By opinion and order of July 27, 1990, the district court denied the motion with respect to the Business Units grievances, holding that it had jurisdiction to hear and decide them on the merits. The court found, however, that CWA should have asserted the Business Units grievances under the collective bargaining agreement, rather than the Bahr-Williams letter. The court then determined that the Business Units agreement expressly excluded contracting out disputes from arbitration, but it concluded that since the Business Units agreement did not explicitly deny the Union the right to a judicial determination regarding its grievances, it had such a right. Thus, the court dismissed the complaint with respect to the Business Units grievances with leave to amend so that the CWA could assert a claim based upon the collective bargaining agreement.*fn4

The district court determined that CWA's claim regarding the MMS grievances implicated the entire collective bargaining agreement, not just the Bahr-Williams letter, and in particular noted that Article 18 of the agreement could be read to limit AT&T's right to contract work out. The court explained that the restriction in the article of "AT&T's right to lay off employees to situations where 'lack of work necessitates decreasing the work force,'" could be read to mean that "AT&T's continuance of the layoff may be unjustified in the event that the laid off workers are qualified to perform the subcontracted work." Further, the court noted that "it may be that AT&T, by [contracting out] the work at issue, has filled a 'job vacancy' with 'new hires' in violation of the hierarchy established by Paragraph 2 [of Article 18 for filling job vacancies]." The court found that the MMS grievances were arbitrable since disputes under Article 18 were subject to arbitration. The court concluded that CWA could not bring suit on its contracting out claims under the MMS agreement until it had exhausted the arbitration procedures. Accordingly, it dismissed the Union's complaint on the MMS grievances, subject to this exhaustion requirement and, therefore, never ruled on AT&T's summary judgment motion regarding the MMS grievances.*fn5

AT&T filed a timely motion for reconsideration of the district court's July 27, 1990, order, urging that judgment should be entered in its favor. In the alternative, it sought entry of final judgment under Fed. R. Civ. P. 54(b) with respect to the MMS grievances and certification for interlocutory appeal under 28 U.S.C. § 1291(b) with respect to the Business Units grievances. The district court denied this motion in a memorandum opinion and order of November 7, 1990.

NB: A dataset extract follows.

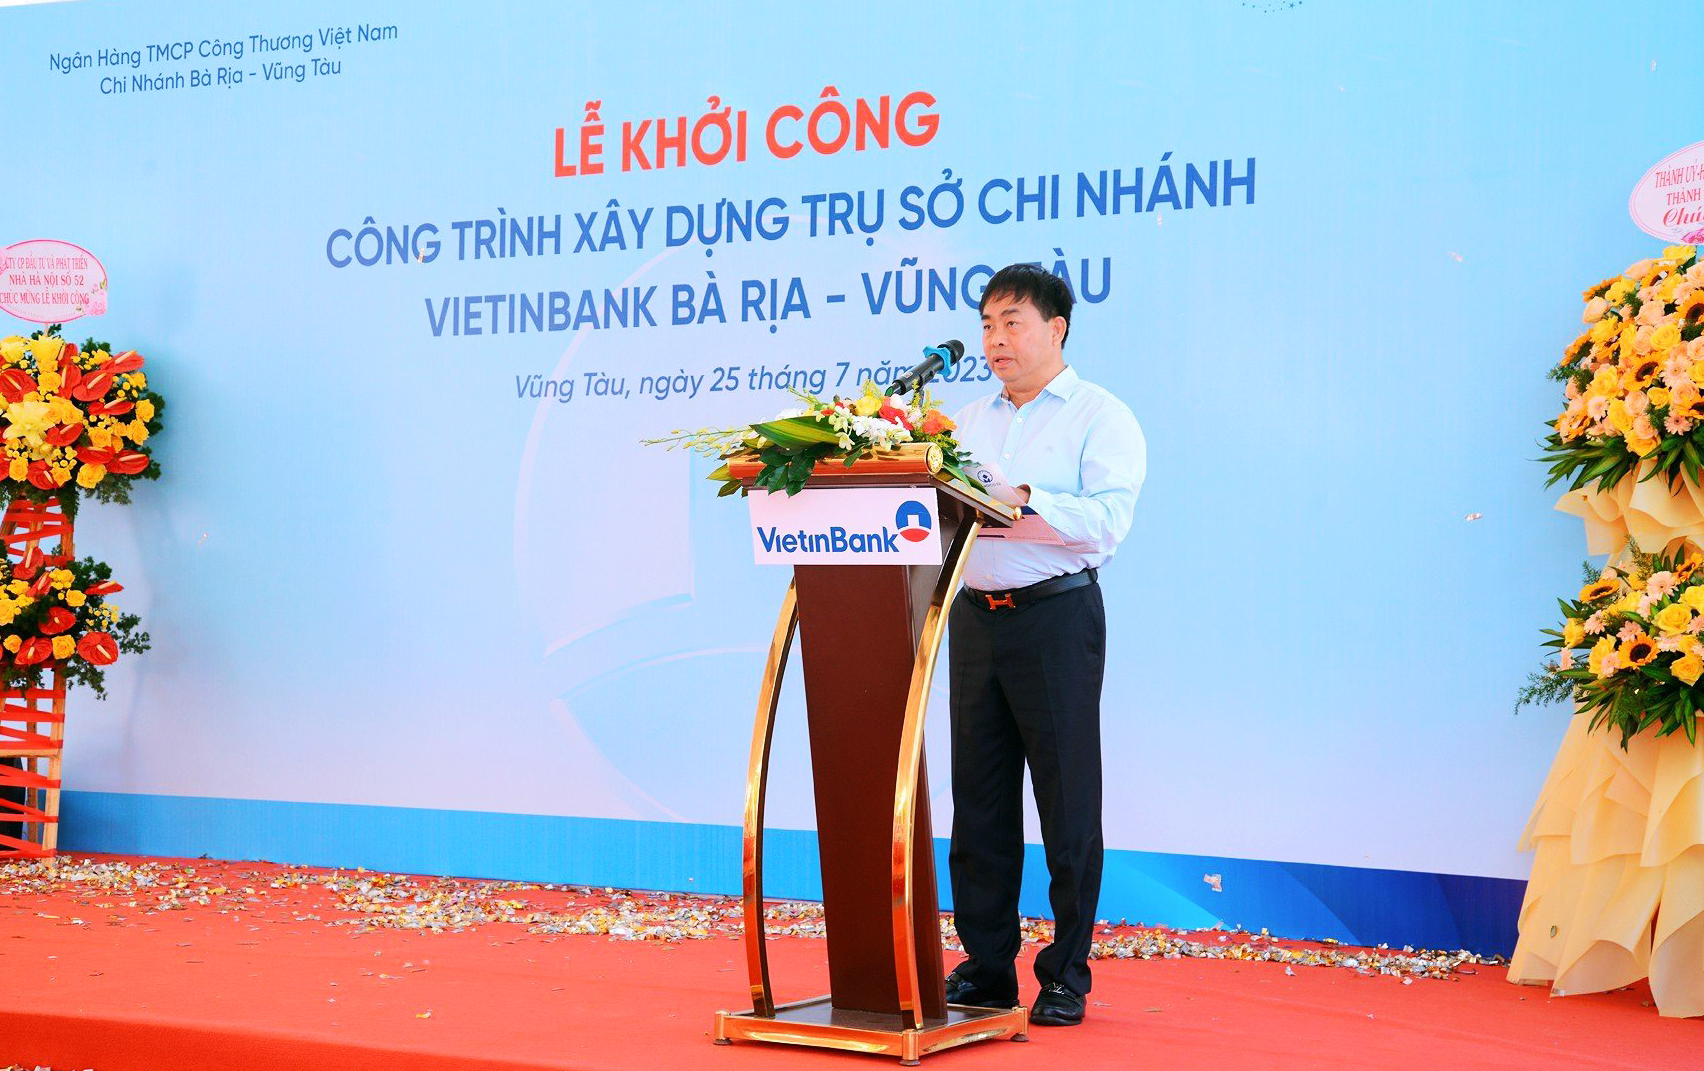 Ông Nguyễn Mạnh Hào, Chủ tịch HĐQT, Tổng giám đốc Công ty Cổ phần Đầu tư và phát triển nhà Hà Nội số 52, phát biểu tại lễ khởi công.

AT&T filed its notice of appeal on December 7, 1990, and on December 12, 1990, it filed the petition for mandamus seeking an order from this court directing the district court to enter judgment in its favor on the allegations concerning the Business Units agreements. AT&T further asked us to order the district court to vacate its order of arbitrability and decide its summary judgment motion concerning the MMS agreements. CWA then filed a motion to dismiss AT&T's appeal for want of jurisdiction. On December 18, 1990, we ordered the appeal (No. 90-1950) and the petition for mandamus (No. 90-1936) consolidated and we now address both the appealability of the district court's order and AT&T's petition for mandamus.


This court exercises appellate jurisdiction under 28 U.S.C. § 1291 only over final orders of the district court. Usually a decision is final within section 1291 when it "ends the litigation on the merits and leaves nothing for the court to do but execute the judgment." Van Cauwenberghe v. Biard, 486 U.S. 517, 521, 108 S. Ct. 1945, 1949, 100 L. Ed. 2d 517 (1988) (quoting Catlin v. United States, 324 U.S. 229, 233, 65 S. Ct. 631, 633, 89 L. Ed. 911 (1945)). Here, the district court's order would ordinarily not be regarded as "final" under 28 U.S.C. § 1291 for the court dismissed CWA's complaint as to the Business Units grievances with leave to amend. See Newark Branch, N.A.A.C.P. v. Harrison, N.J., 907 F.2d 1408, 1416-17 (3d Cir. 1990). Thus, the order rather than ...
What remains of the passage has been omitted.